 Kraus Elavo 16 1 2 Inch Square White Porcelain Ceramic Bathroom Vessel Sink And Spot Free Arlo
──────────
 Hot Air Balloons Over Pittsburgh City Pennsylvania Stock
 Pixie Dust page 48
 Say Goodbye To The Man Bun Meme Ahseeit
──────────
◆ **WORK REQUIRED**: What you give back should be exactly the lines of the data above from the line with "Hot Air Balloons" through the line with "Say Goodbye To The Man Bun Meme Ahseeit", both of those included, and nothing more.

◆ **YOUR RESPONSE**:
 Hot Air Balloons Over Pittsburgh City Pennsylvania Stock
 Pixie Dust page 48
 Say Goodbye To The Man Bun Meme Ahseeit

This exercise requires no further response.